New Jersey regulators have urged investors to withdraw any remaining crypto assets from their accounts on crypto lender Abra, as the California-based company is ceasing operations in the US. This follows a multistate investigation into Abra for operating without the required state money services business licensing. As part of the agreement reached, Abra will refund all virtual assets remaining on the platform and convert crypto held in New Jersey accounts to USD, issuing checks for amounts exceeding $10.
The settlement aims to resolve allegations that Abra illegally sold interest-bearing accounts, “Abra Boost” and “Abra Earn,” which violated state securities laws. The Division of Consumer Affairs acting director in New Jersey, Cari Fais, stated, “The agreement announced today requires Abra to return the funds it raised through the unlawful sale of unregistered securities in our state. These funds belong to New Jersey investors, and we want to make sure investors get them back.” Additionally, unclaimed funds will be transferred to the New Jersey Department of the Treasury’s Unclaimed Property Administration, and Abra must inform New Jersey customers about withdrawing their assets.
In June, Abra and its CEO reached a settlement with 25 states to resolve allegations of operating without proper licenses. Following the legal action taken by multiple states, Abra began closing down its US operations, with most customers already having withdrawn their funds. However, about $200,000 in cryptocurrency belonging to New Jersey investors remains on the platform. As part of the settlement deal, Abra agreed to refund up to $82.1 million to customers in the states involved, with potential penalties being waived by those states to prioritize customer refunds.
Cryptonews, with over a decade of crypto coverage, delivers authoritative insights that readers can rely on. The veteran team of journalists and analysts at Cryptonews combines in-depth market knowledge with hands-on testing of blockchain technologies to provide accurate and impartial reporting on both established cryptocurrencies and emerging projects. With strict editorial standards, Cryptonews ensures quality journalism and factual accuracy, making it a trusted source in the dynamic world of digital assets.
With the regulatory shifts and developments in the cryptocurrency sector being closely monitored by crypto reporter Shalini Nagarajan, Cryptonews offers readers in-depth reports on a daily basis. Shalini provides valuable information on the latest happenings in the industry, including regulatory changes, ensuring that readers are kept well-informed on the rapidly evolving landscape of cryptocurrencies. With a commitment to quality journalism and accurate reporting, Cryptonews stands as a reliable source for all things related to digital assets.

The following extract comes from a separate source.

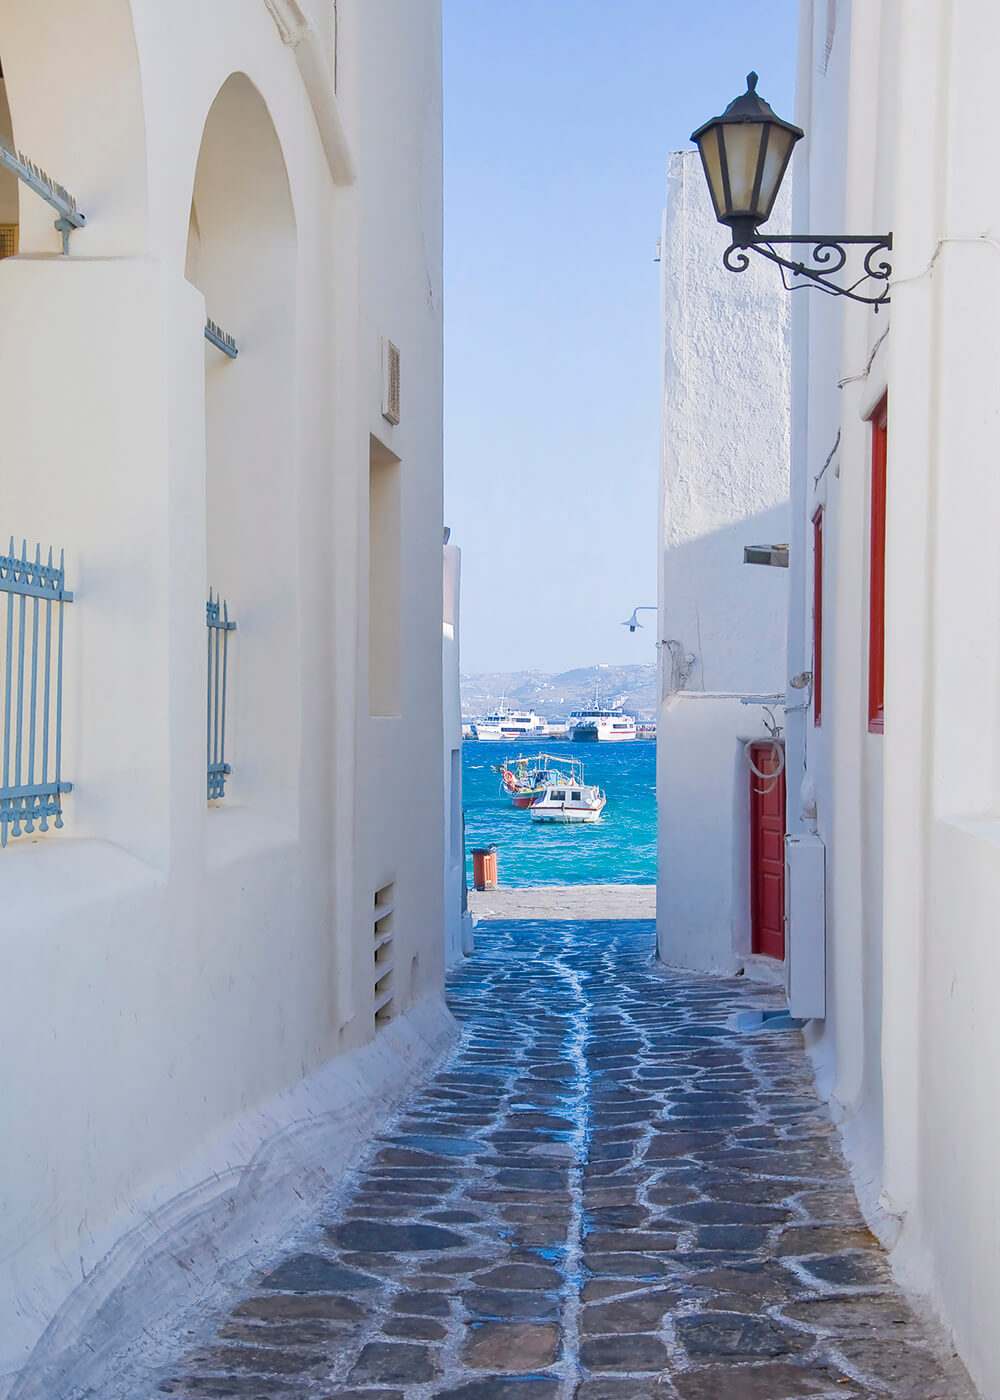 Переулок в Греции (ширина: 2000 мм, высота: 2800 мм, количество полос: 2)
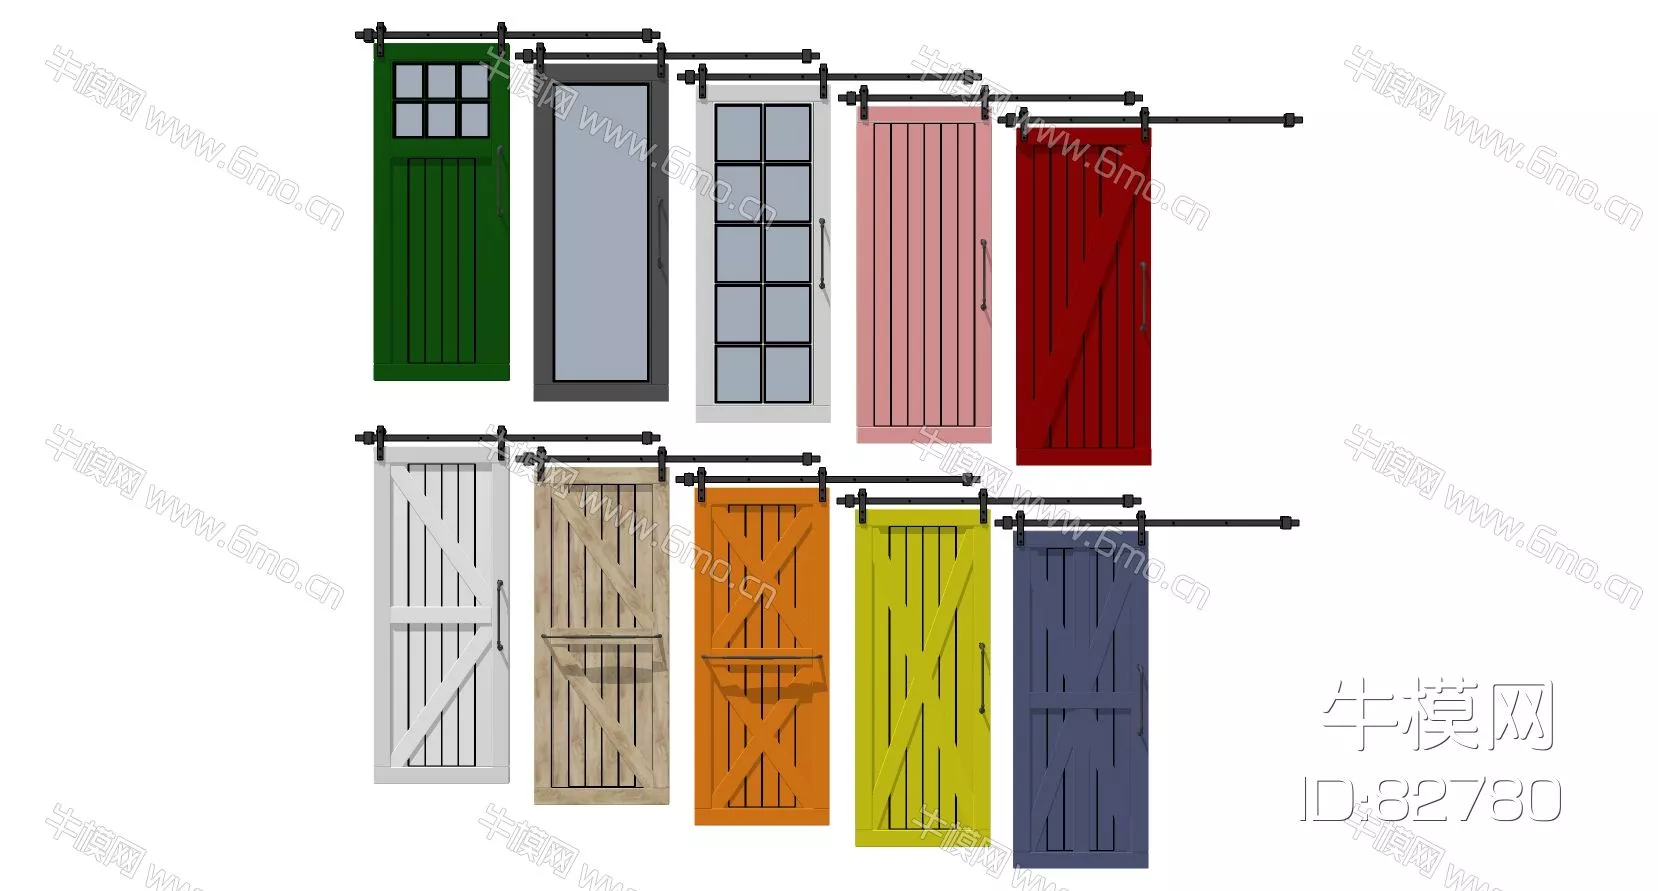 INDUSTRIAL DOOR AND WINDOWS - SKETCHUP 3D MODEL - ENSCAPE - 82780

As the cryptocurrency market continues to evolve, regulatory compliance is becoming increasingly important for companies operating in the sector. The case of Abra highlights the consequences of operating without the necessary licenses and the importance of adhering to regulatory requirements. By reaching settlements with state regulators and agreeing to refund affected customers, Abra is taking steps to address the issues raised and comply with legal obligations. This serves as a reminder to other companies in the crypto space to prioritize regulatory compliance to maintain trust and credibility within the industry.